Unsupervised Semantic Parsing
Enabling a computer to understand human language is one of the ultimate goals of NLP. Arguably, such understanding is not possible without semantic parsing, i.e. mapping of text to a representation of meaning. In recent years, there has been increasing interest in statistical approaches to semantic parsing. However, most of this research has focused on supervised methods requiring large amounts of data labeled by human experts. Such annotated resources are scarce and expensive to create, motivating the need for unsupervised or semi-supervised techniques.
Recently, we introduced the first nonparametric Bayesian model for unsupervised full semantic parsing. The model defines a generative story for recursive construction of lexical items along with syntactic and semantic structures. The method achieves competitive results on the question-answering task on the biomedical domain.
Bootstrapping Semantic Analyzers from Non-Contradictory Texts
Unsupervised models of semantics have their own challenges: they are not always able to establish semantic equivalences of lexical entries or logical forms or, on the contrary, cluster semantically different or even opposite expressions. For example, when analyzing weather forecasts, it is very hard to discover without explicit supervision which of the expressions “south wind”, “wind from west", and “southerly” denote the same wind direction and which do not, as they all have a very similar distribution of their contexts.
In our work, we showed that groups of unannotated texts with overlapping and non-contradictory semantics represent a valuable form of weak supervision. We assume that each such group of texts corresponds to some hidden semantic state, and each text in the group verbalizes a subset of this full semantic state. For example, consider semantic analysis of news articles or biographies. In both cases, we can find groups of documents referring to the same events or persons, and though they will probably focus on different aspects and have different subjective passages, they are likely to agree on the core information. Simultaneous inference of the semantic state for such a group would restrict the space of compatible hypotheses, and, intuitively, "easier" texts in a group will help to analyze the "harder" ones. The improvement in accuracy demonstrated in our experiments corresponds to more than 50% relative error reduction with a fully-supervised method used as an upper bound.

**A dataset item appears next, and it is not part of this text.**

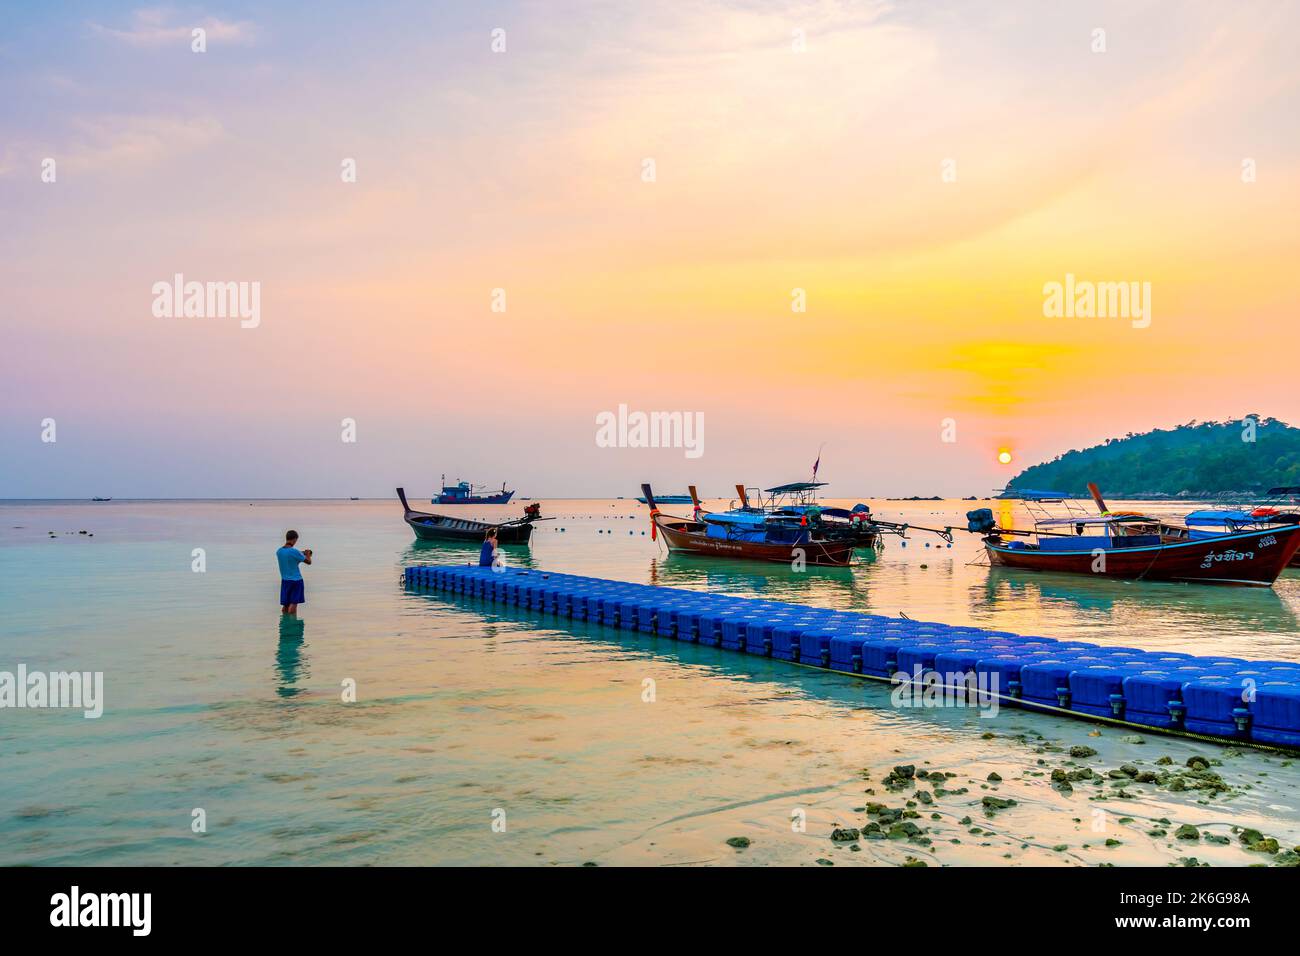 Koh Lipe, Thailand - 13.11.2019: Tourists are taking selfie photos during sunset at Ko Lipe island, Thailand. Beautiful and romantic time for photogra Stock Photo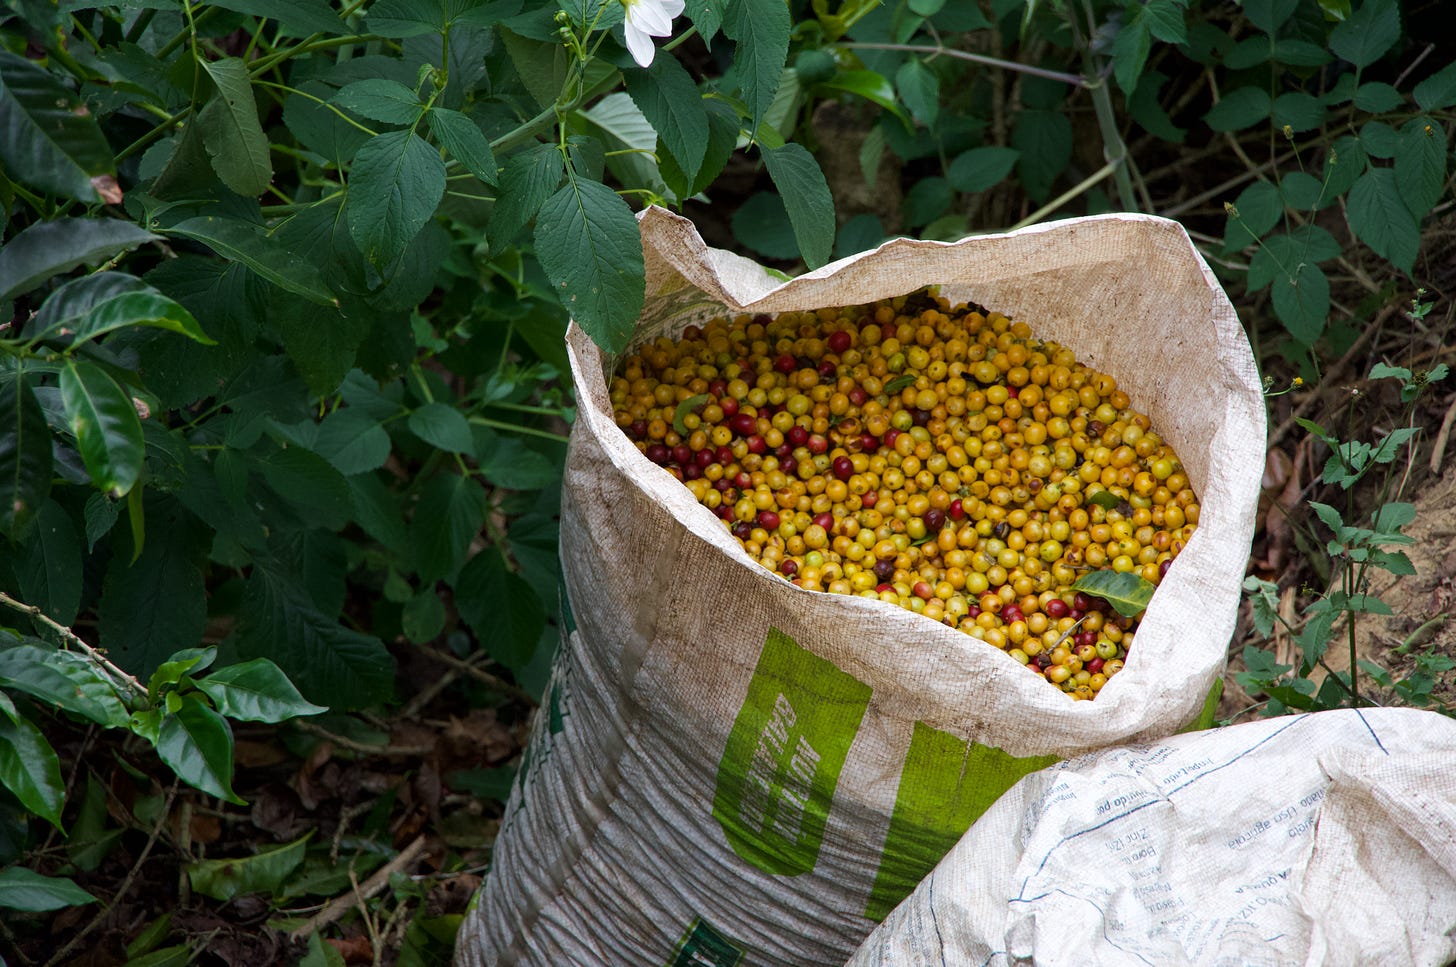 Yellow and red coffee cherries fill a white sack nearly to the brim. The sack is on the ground in front of a green viny bush with white flowers.

Modeling Documents with Inherently Parallel Structure
Documents often have inherently parallel structure: they may consist of a text and commentaries, or an abstract and a body, or sections presenting alternative views on the same problem. Automatically revealing relations between the parts, by jointly segmenting and predicting links between the segments, would open interesting possibilities for construction of friendlier user interfaces. One example is an application which, given a user-selected fragment of the abstract, produces a summary from the aligned segment of the document body. To address this problem, we introduced an unsupervised Bayesian model for joint discourse segmentation and alignment. When applied to a lecture-discussion dataset, our unsupervised method achieves competitive results rivaling those of a previously proposed fully-supervised technique. This work can also be regarded as a way to speed up inference for the bootstrapping approach discussed above, since, given such an alignment, a hidden semantic state can be inferred independently for each of the aligned segments.
Unsupervised Aggregation in Multiclass and Structured Settings
Consider the setting where a panel of judges is repeatedly asked to rank hypotheses and to predict a graph (e.g., semantic or syntactic structure) or a category for an object, and assume that the judges' expertise depends on the hidden objects' type (or domain). Learning to aggregate their predictions with the goal of producing a better joint prediction is a fundamental problem in many areas of information retrieval and NLP, among others. However, supervised ranking data is generally hard to obtain, and data augmented with expertise information is particularly difficult. We proposed a generative framework for learning to aggregate predictors with domain-specific expertise, without supervision.
Learning Feature Representations for Syntactic and Semantic Parsing
State-of-the-art approaches to syntactic and semantic parsing problems are mostly based on statistical learning, i.e., they use annotated training data collected for the considered problem to build statistical models of semantic and syntactic structures. Even though values of model parameters are determined by learning algorithms, model designers have to perform extensive manual selection of predictive structural features before applying the learning algorithms. These models are expensive to create and difficult to port to new domains, even when they are similar. If the model designer omits an important predictive feature, the resulting model will not be able to discover the statistical dependency, and the model accuracy will be worse.
We study latent variable models which automatically induce feature representations appropriate for the task and even the dataset, and the methods we developed achieve state-of-the-art results on multiple languages with minimal feature engineering. Latent variables can also be used to address sparsity problems. For example, the FrameNet standard describes an exceedingly large number of frame elements (argument types), and a model, which treats each frame element as a distinct label, is unlikely to succeed unless a very large amount of annotated data is provided. In our recent work, we constructed a latent variable model which automatically aligns frame elements and, as a result, dramatically reduces the set of model parameters.